The protective screen may in particular be secured to the protective frame and to the front edge of the bullet collecting casing by a set of fixing elements disposed on left-hand and right-hand lateral sides of the firing target, said fixing elements preferably being disposed outside the bullet collecting casing, on either side of left-hand and right-hand lateral walls of the bullet collecting casing.
In accordance with a preferred variant of the invention, the protective frame may be supported on the front edge of the bullet collecting casing by a set of notches and corresponding extensions arranged on the protective frame and on the front edge of the bullet collecting casing, the protective frame preferably being provided with notches cooperating with corresponding extensions arranged on the front edge of the bullet collecting casing.
In accordance with another particularly advantageous variant of the invention, said protective screen consists of a plurality of nested elements secured to one another by means of a set of nestable securing elements.
Incidentally, this other variant also constitutes an advantageous aspect of the present invention that may be implemented independently of the aforementioned first and second aspects of the invention. There is therefore also provided, in accordance with a third aspect of the present invention, a firing target for firearms shooting training comprising a bullet collecting casing, said bullet collecting casing comprising a lattice structure disposed inside the bullet collecting casing in front of a rear wall of the bullet collecting casing, which lattice structure is designed to dissipate kinetic energy of incident bullets and includes a plurality of deflecting plates designed to deflect the trajectory of the incident bullets, said deflecting plates being arranged according to at least a first inclined plane relative to the rear wall. The firing target further includes a protective screen placed in front of the lattice structure of the bullet collecting casing, on the trajectory of the incident bullets, and designed to halt any bullet fragments produced upon the bullets impacting the lattice structure. The target in accordance with this third aspect of the invention is characterized in that said protective screen consists of a plurality of nested elements secured to one another by means of a set of nestable securing elements.

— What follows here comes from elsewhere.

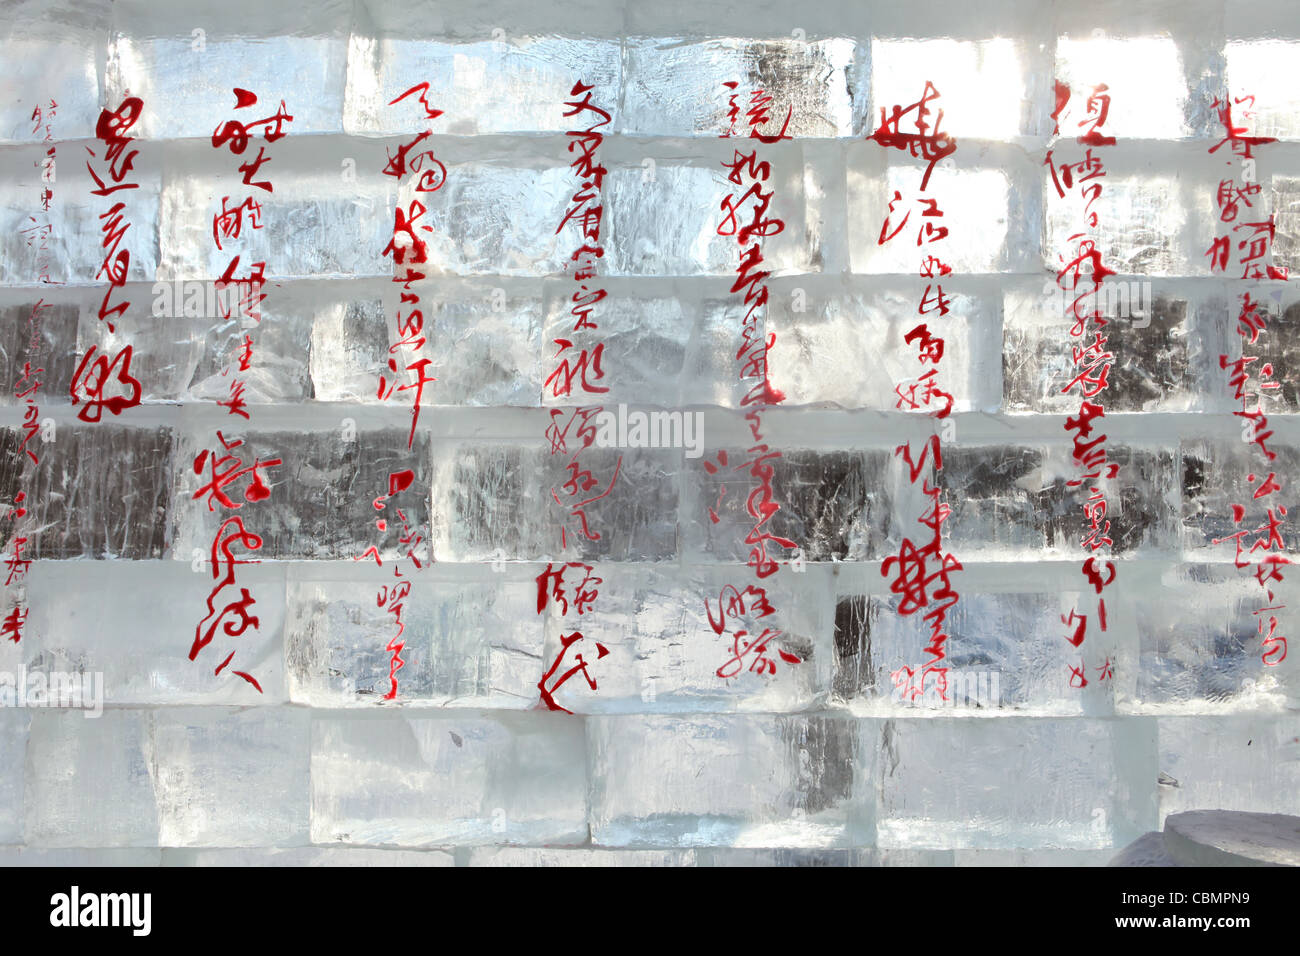 Ice and snow festival, Harbin, China, Heilongjiang Stock Photo

Said plurality of nested elements preferably includes a plurality of identical and interchangeable nested intermediate elements each including at least an upper nestable securing element designed to cooperate with a complementary nestable securing element of another, adjacent element of the protective screen placed immediately above it and at least a lower nestable securing element designed to cooperate with a complementary nestable securing element of another, adjacent element of the protective screen placed immediately below it.
In the latter context, in accordance with a preferred variant of the invention, each intermediate element may advantageously include a facade-forming portion directed toward the exterior of the firing target and a back-forming portion directed toward the interior of the firing target and the lattice structure located therein, the facade-forming portion being offset relative to the back-forming portion in such a manner as to form a shoulder on which an adjacent element of the protective screen comes to bear.
Each intermediate element preferably includes a pair of upper nestable securing elements and a pair of lower nestable securing elements complementary to the pair of upper nestable securing elements. To be more specific, in accordance with a preferred variant of the invention, the facade-forming portion and the back-forming portion are each provided with an upper nestable securing element and a lower nestable securing element complementary to the upper nestable securing element.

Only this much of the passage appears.